Энни призналась, что ее интересуют только взрослые мужчины. С молодыми ей скучно. С личной жизнью – проблемы, призналась она, наверное, из-за ее ремесла. С родителями давно не общается. Я понял, что понравился ей. Она мне, наверное, тоже. С ней я чувствовал себя как будто моложе. Или, скорее всего, с ней я правильно ощутил свой возраст. Ведь я не старый еще, мне немногим больше сорока, а это для мужчины – расцвет. Просто все это время – начиная с приезда в Канаду, а может и раньше, – я был самым настоящим стариком. Мне было не менее 57 лет, если не больше, – именно так я себя чувствовал в последнее время. А тут – бабах, и я снова как молодой, полный сил, не переоценивающий себя, просто уверенный в себе мужчина. Я подумал, а что, если я предложу ей поехать со мной в Нью-Йорк? Это будет настоящее приключение. И я предложил. Это было рискованно, ведь я почти не знал ее. Может, у нее были какие-то постыдные тайны, которые могут всплыть в процессе нашей поездки. Энни отказалась, сослалась на неотложные дела; увы, она не может вот так сорваться из Буффало в Нью-Йорк. Так что зря я предвкушал приключение. Ну что ж, значит, все пойдет так, как было задумано изначально – я поеду туда один. Увидев, что я немного расстроился, Энни извинилась и постаралась сгладить неловкий момент: «Знаешь, а я ведь могу позже приехать к тебе в Монреаль, правда? Я действительно сейчас не могу поехать с тобой в Нью-Йорк, хоть и очень хочу…» Она была так трогательна в своей искренности. Но не хотела рассказывать, что у нее за дела, которые она не может подвинуть или отменить. Я знал, что не стоит просить ее рассказать, что это за такие дела – эта их священная «прайвэси», которую нельзя трогать. Я нацарапал на клочке бумаги из записной книжки мой монреальский телефон и вручил ей, свой она мне не дала, видимо, и не было, живет, наверное, в квартире без домашнего телефона. Ладно, оставим это на волю случая, или чего там еще. Позвонит так позвонит, нет так нет. Но так хорошо с ней было, с этой девчонкой, которая почти вдвое меня моложе.
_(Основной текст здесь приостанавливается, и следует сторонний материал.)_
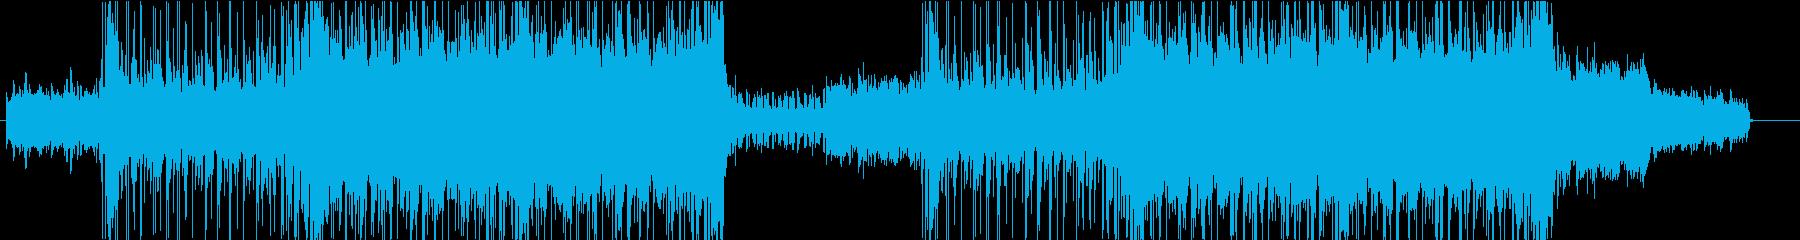 シンプルに盛り上がるダンスミュージックの再生済みの波形

Наутро я был бодр и весел как молодое животное, в шесть утра уже рассекал по пустому Буффало на верном Феде. Проезжая мимо порта, я притормозил и на несколько минут задержался в глупой надежде увидеть советское судно. Опомнившись, я прибавил газу и резко сорвался с места. Федя недовольно заворчал: дескать, зачем так круто? «Извини, дорогой, нервишки зашалили!», – обратился я к нему примирительно. Какой же я дурак все-таки! И зачем мне видеть советское судно, даже если оно там есть? От воспоминаний о прошлом неприятно обдало жаром, потом бросило в холодный пот.
Еще девять часов с небольшими остановками, и я наконец въехал в Нью-Йорк. Там я по рекомендации коллег с радиостанции снял дешевую халупу на Манхэттене, которая раз в пять была хуже моей квартиры в Монреале. Ее хозяином был старик-француз, говоривший по-английски с чудовищным акцентом и постоянно норовивший перейти на родной французский, который я вообще не знал. Он попросил не мусорить и долго объяснял, как обращаться с кухонными и прочими принадлежностями. Все углы были в плесени, подозрительно серое постельное белье, за которое пришлось заплатить дополнительно. Но даже с этими поборами квартира была очень дешевая по местным меркам, о чем француз постоянно напоминал. На кухне висело одно жалкое серое полотенце; в ванной комнате, которую надо было делить с соседями из квартиры наверху, никаких полотенец не было. Наконец он ушел, и я остался один. Когда пришла пора мыться, я понял, что придется использовать полотенце на кухне, выбора у меня не было, а специально покупать банное полотенце я принципиально не хотел.
Нью-Йорк показался мне интересным, но довольно дискомфортным местом. Город был достаточно грязным, небезопасным, суетным и агрессивным. Небоскребы тревожно нависали, создавали особую ауру, столпотворения на перекрестках были привычным делом. Каждый второй пытался провести, а то и обокрасть тебя, все были помешаны на выгоде, на деньгах, чувствовалось, что жизнь здесь не дешевая. Мне казалось, что я попал в людской зверинец, где каждый человек – волк, но в человеческом обличье. Homo Homini Lupus Est, одним словом. Эта пословица оказалась иллюстрацией тех отношений, которые, как я заметил, процветали здесь. Жестокий город, так я его назвал. В то же время здесь как-то по-особому чувствовалась жизнь, ее биение и бурление, она завихрялась в тугие сгустки энергии, сжималась и разжималась, пульсировала и затягивала в подобие торнадо, из которого трудно было выбраться. Это было удивительное чувство, оно не отпускало тебя, заставляло плясать под свою дудку, выделывать опасные кульбиты, как физические, так и внутренние. Вот почему здесь так много сумасшедших, говорил я себе, оказавшись в самом эпицентре энергетического торнадо, на Таймс-сквер. Безумный, бешеный город, огромное пульсирующее сердце, без устали качающее кровь и пот живущих в нем людей, всемогущий вампир, высасывающий соки из всех, до кого может дотянуться…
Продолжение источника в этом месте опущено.